Maine Manufacturing, a three-year-old technology company, has been awarded a $149,499 National Science Foundation Small Business Innovation Research grant to help it develop a new microarray platform that could be used to diagnose and treat cancer.
Entitled "Novel microarray platforms for detection of rare molecules in complex mixtures," the grant started Jan. 1 and expires June 30. It is the first NSF award for Maine Manufacturing.
While only a few years old, the Sanford-based firm has a lengthy array technology pedigree. Maine Manufacturing last year absorbed GE Whatman's protein microarray group after GE decided to relocate its Maine operations overseas and eliminate 275 positions. After negotiations, Maine Manufacturing acquired certain assets from GE, as well as the array team, which was also based in Sanford, according to Chief Scientific Officer Michael Harvey.
As part of that deal, which closed last year, Harvey, a principal scientist with GE Whatman, joined Maine Manufacturing as its CSO. The privately held firm is now committed to "translating identified market needs into prototypes and then producing supplies for laboratories on a high-volume level," and the engineering of a new microarray surface is part of that effort, he told BioArray News this week.
"The focus of our Phase I grant is to create a new microarray surface that has improved properties to allow for detection of rare biomolecules," Harvey said. According to Harvey, the limitations of existing microarray surfaces include "platform-based optical interferences and limited or ineffective binding capacity for biomolecules."

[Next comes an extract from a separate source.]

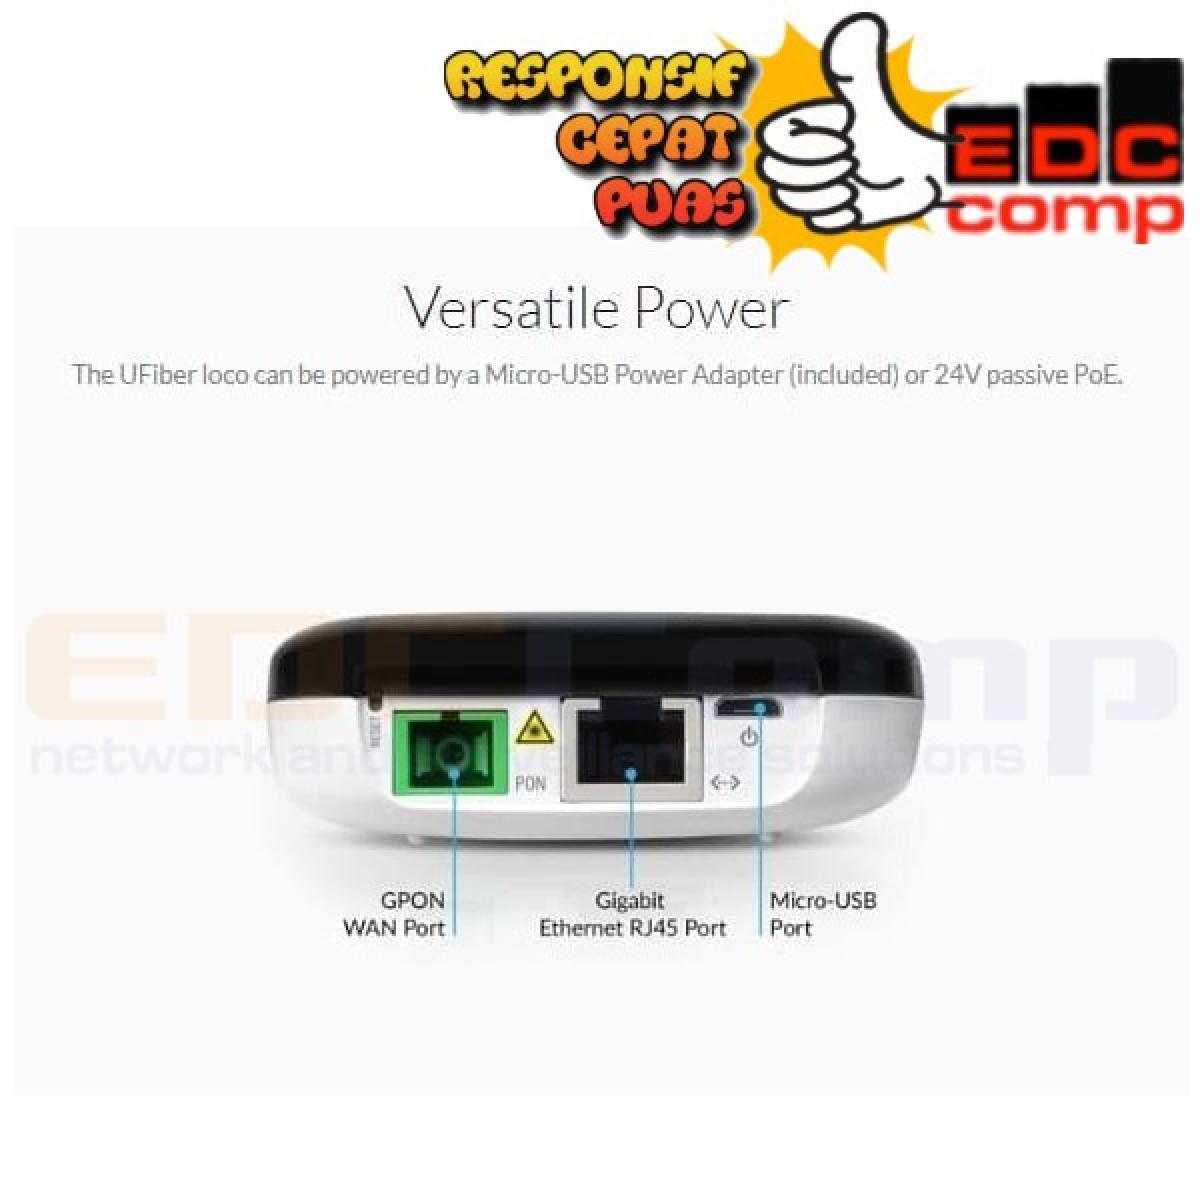 UF‑LOCO UFiber Loco Low-Cost GPON Optical Network Unit - EdcComp

These flaws constrain the sensitivity of binding reactions mounted on existing microarray surfaces, and Harvey maintains that arrays with enhanced sensitivity will permit the detection of rare biomolecules that may be involved in cellular regulation, cellular differentiation, and disease mechanisms.
Such chips could include reverse-phase protein arrays, which he said are important for understanding cellular changes in a variety of disease states. "In cancer, for example, lysates from small numbers of tumor cells can be spotted on a surface and then interrogated with many different antibodies to elucidate protein expression patterns in these tumor cell populations," Harvey said. "The power of these techniques will be significantly enhanced by having a platform able to support the most sensitive assays."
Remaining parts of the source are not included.